Task 3: Rotation + Measurement Circuit

  • Description: Builds a single-qubit circuit with an RX rotation gate, where the rotation angle is a variable input. Measures the expectation value of the Pauli-Z operator.
  • Features:
    • Computes and plots the Pauli-Z expectation value for a range of angles (0 to 2π).
    • Visualizes the circuit using qml.draw_mpl.
  • Purpose: Illustrates how a quantum state changes with rotation and how expectation values reflect this.

Task 4: Simple Variational Optimization

  • Description: Implements a variational quantum circuit with a single RX gate, optimizing its angle to minimize the Pauli-Z expectation value using gradient descent.
  • Features:
    • Logs the cost (expectation value) at each optimization step.
    • Outputs the optimal angle.
    • Plots the cost function over iterations.
    • Visualizes the circuit with the optimal parameter using qml.draw_mpl.
  • Purpose: Demonstrates variational quantum algorithms and optimization techniques.

Task 5: Measurement Comparison

  • Description: Creates a 2-qubit Bell state circuit and compares three measurement types: probabilities (qml.probs), samples (qml.sample), and expectation values (qml.expval).
  • Features:
    • Prints and visualizes probabilities, sampled outcomes, and expectation values.
    • Uses separate devices for analytic (probabilities, expectation) and sampling measurements.
    • Displays the circuit using qml.draw_mpl.
    • Explains differences and use cases for each measurement type.
  • Purpose: Highlights the distinct outputs of quantum measurements and their applications.

General Notes

  • Environment: All tasks are implemented in Python using PennyLane and are compatible with Google Colab.

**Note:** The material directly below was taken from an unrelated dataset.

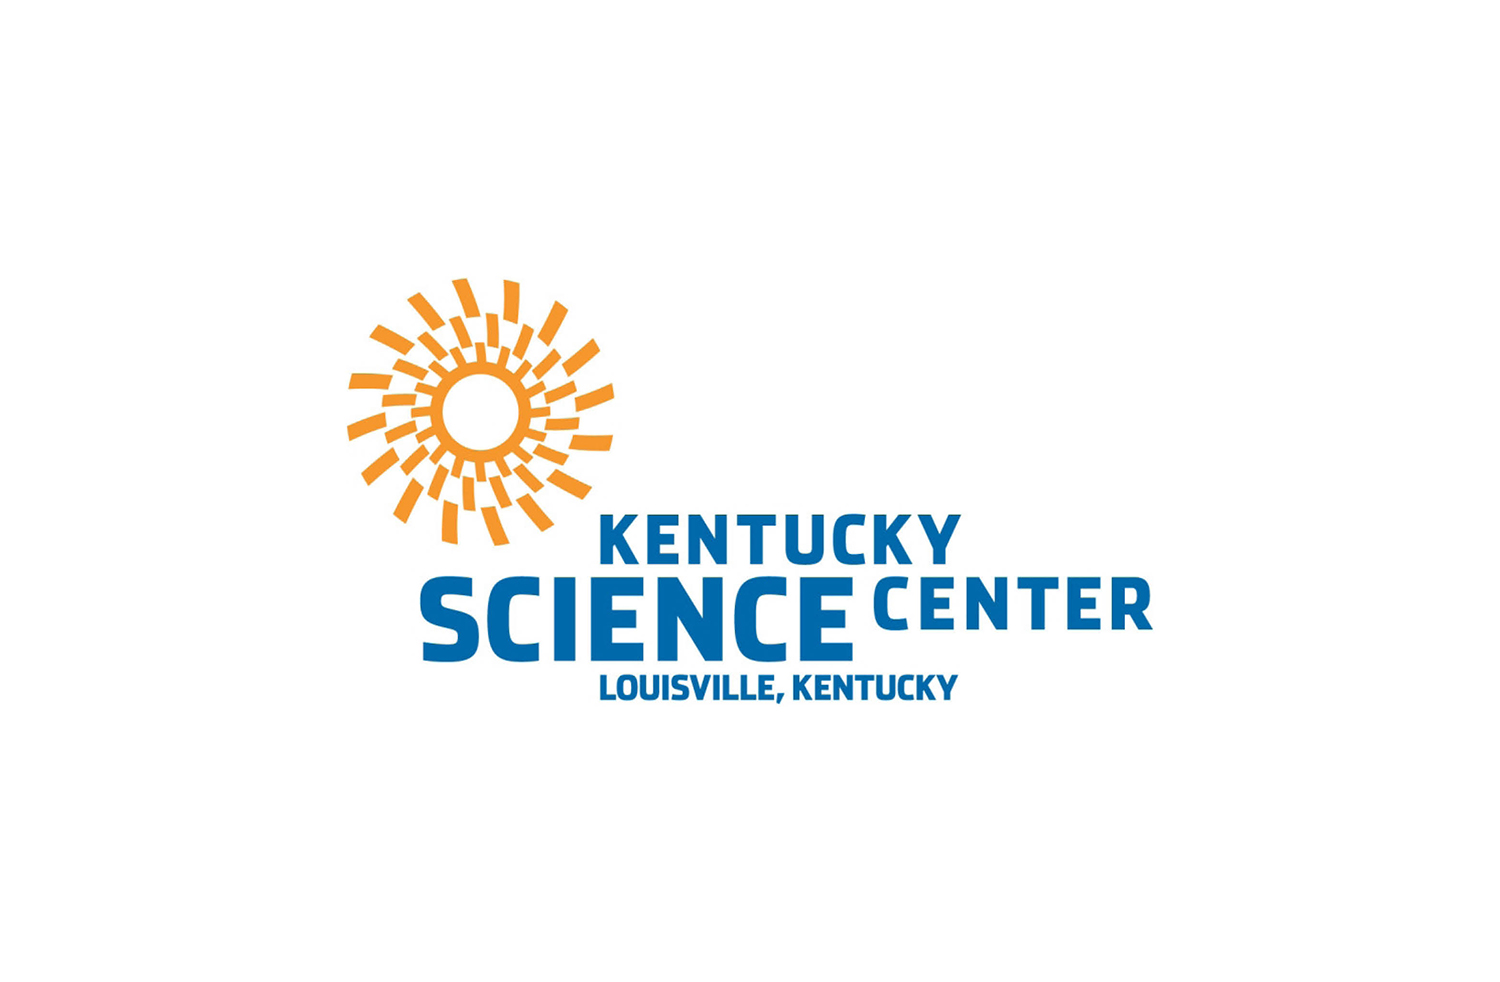 Boss_Display_Client_Kentucky_Science_Center_Logo.jpg
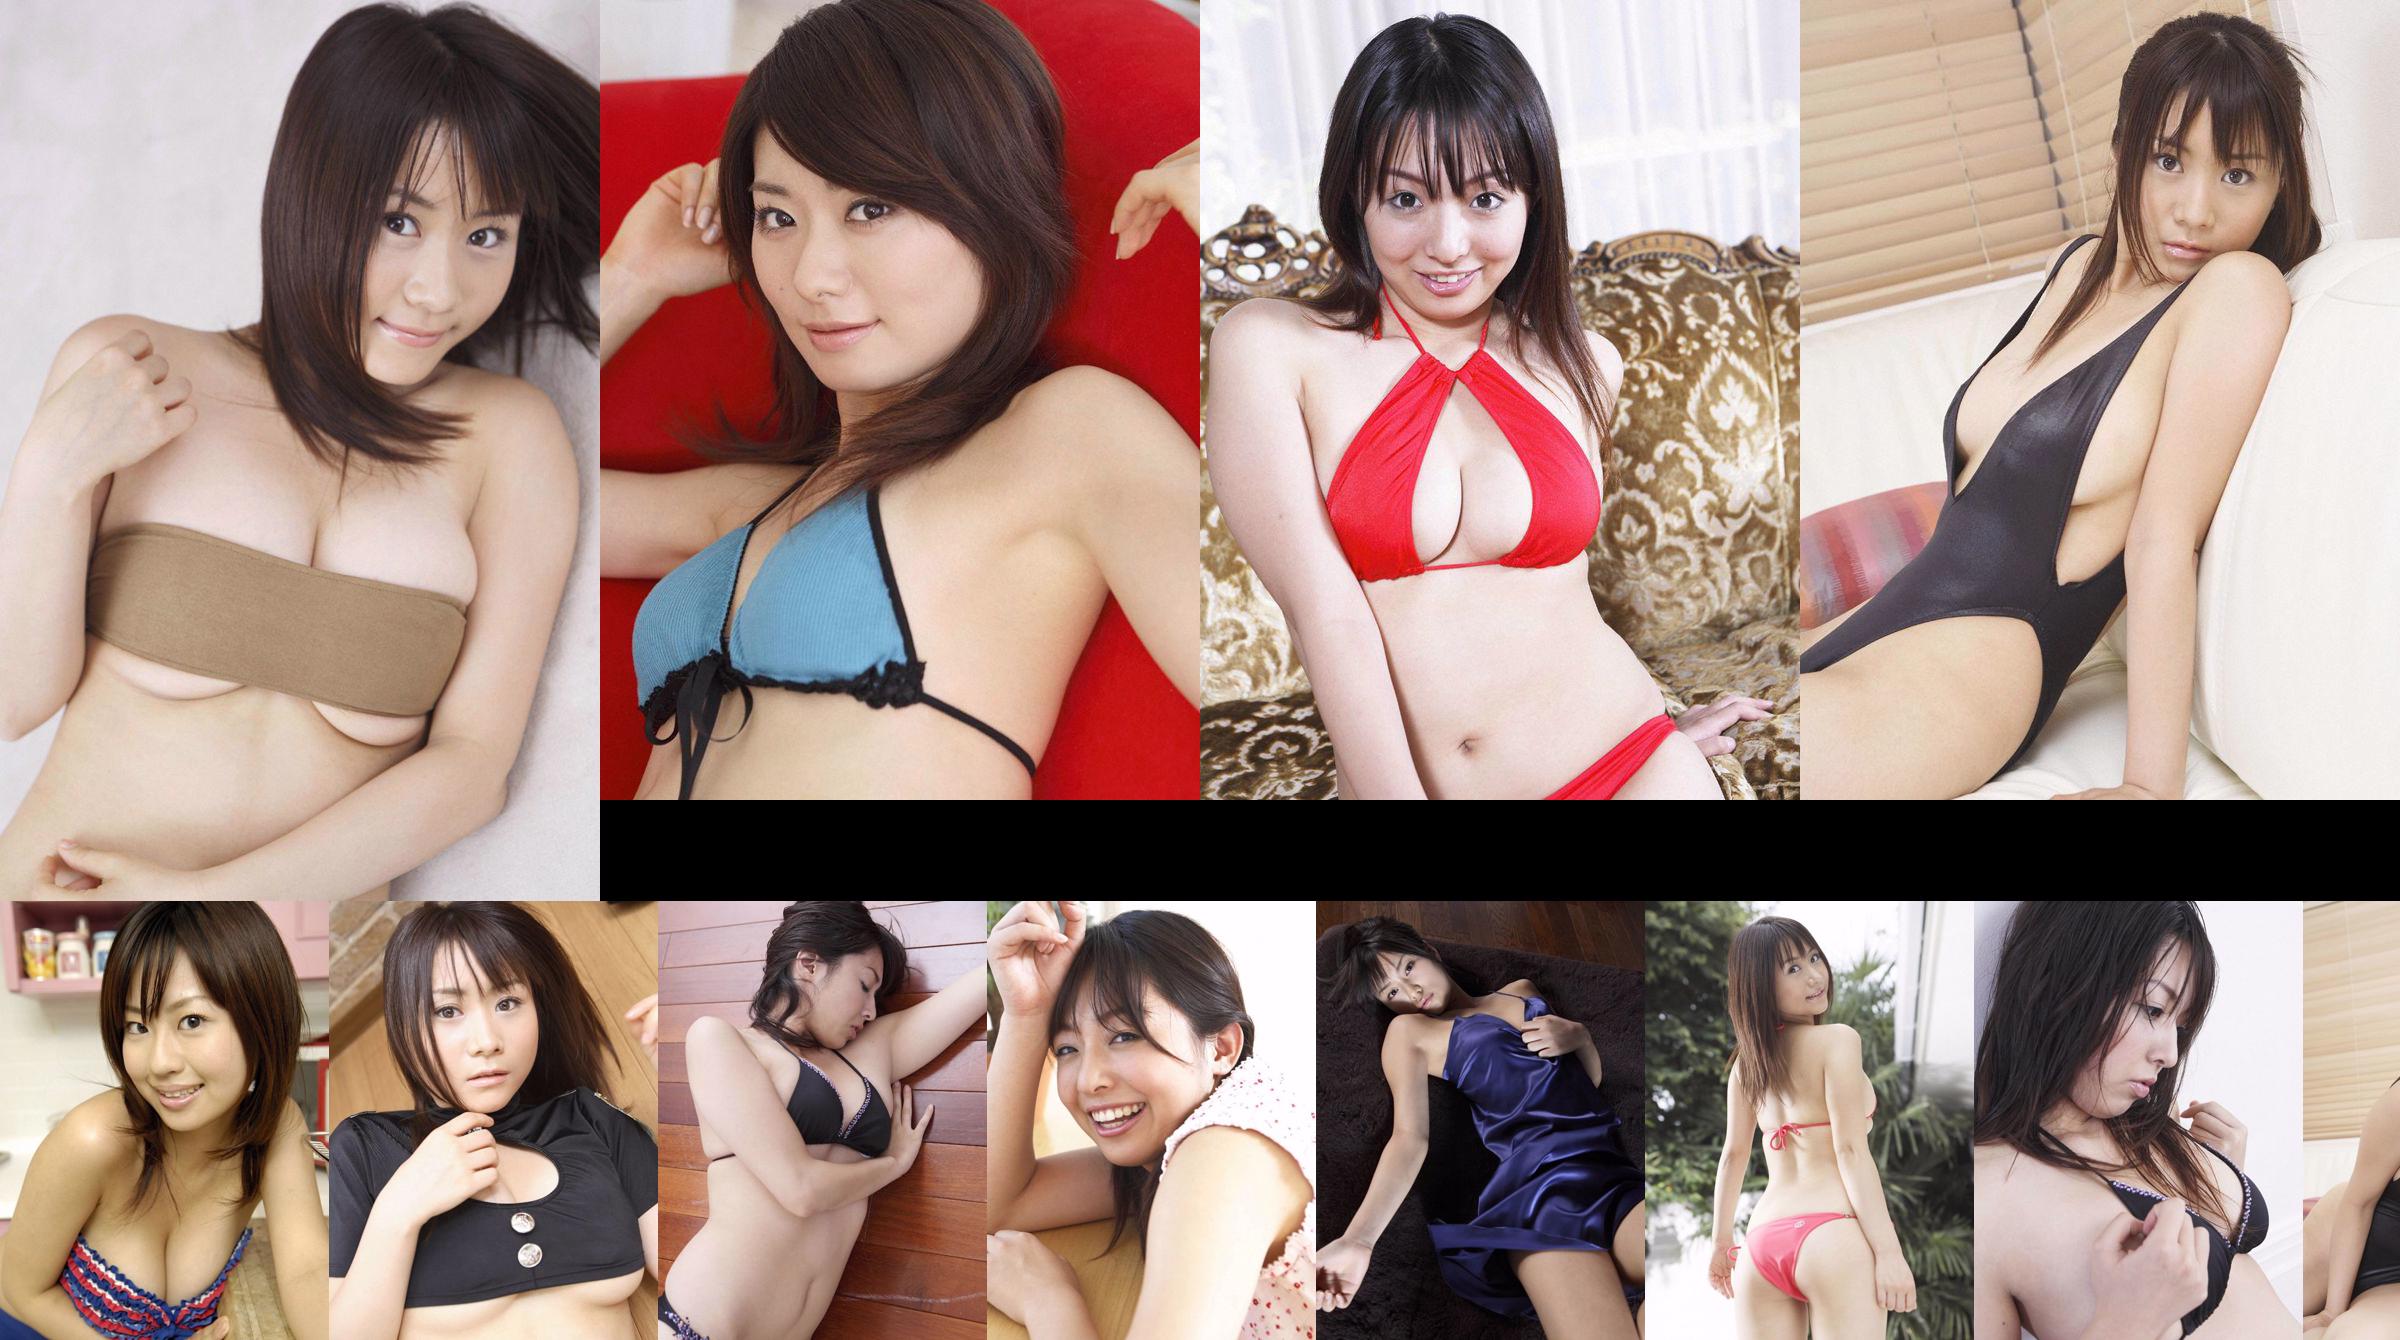 [Wanibooks] NO.37 Ai Arakawa, Hitomi Kaikawa, Hitomi Kitamura, Naomi I, Chii Matsuda Photo Collection No.cd174f Page 4

Dependencies (PennyLane, Matplotlib) are installed via pip commands.
  • Visualizations: Tasks include plots (bar plots, histograms, or curves) and circuit diagrams using qml.draw or qml.draw_mpl.
  • Entanglement: Tasks 1, 2, and 5 demonstrate quantum entanglement, while Tasks 3 and 4 focus on single-qubit dynamics and optimization.
  • Measurement: Tasks explore various measurement techniques, from exact probabilities to statistical sampling, providing a comprehensive view of quantum measurement.

This project serves as an educational tool for understanding quantum circuits, entanglement, measurements, and variational algorithms in quantum computing.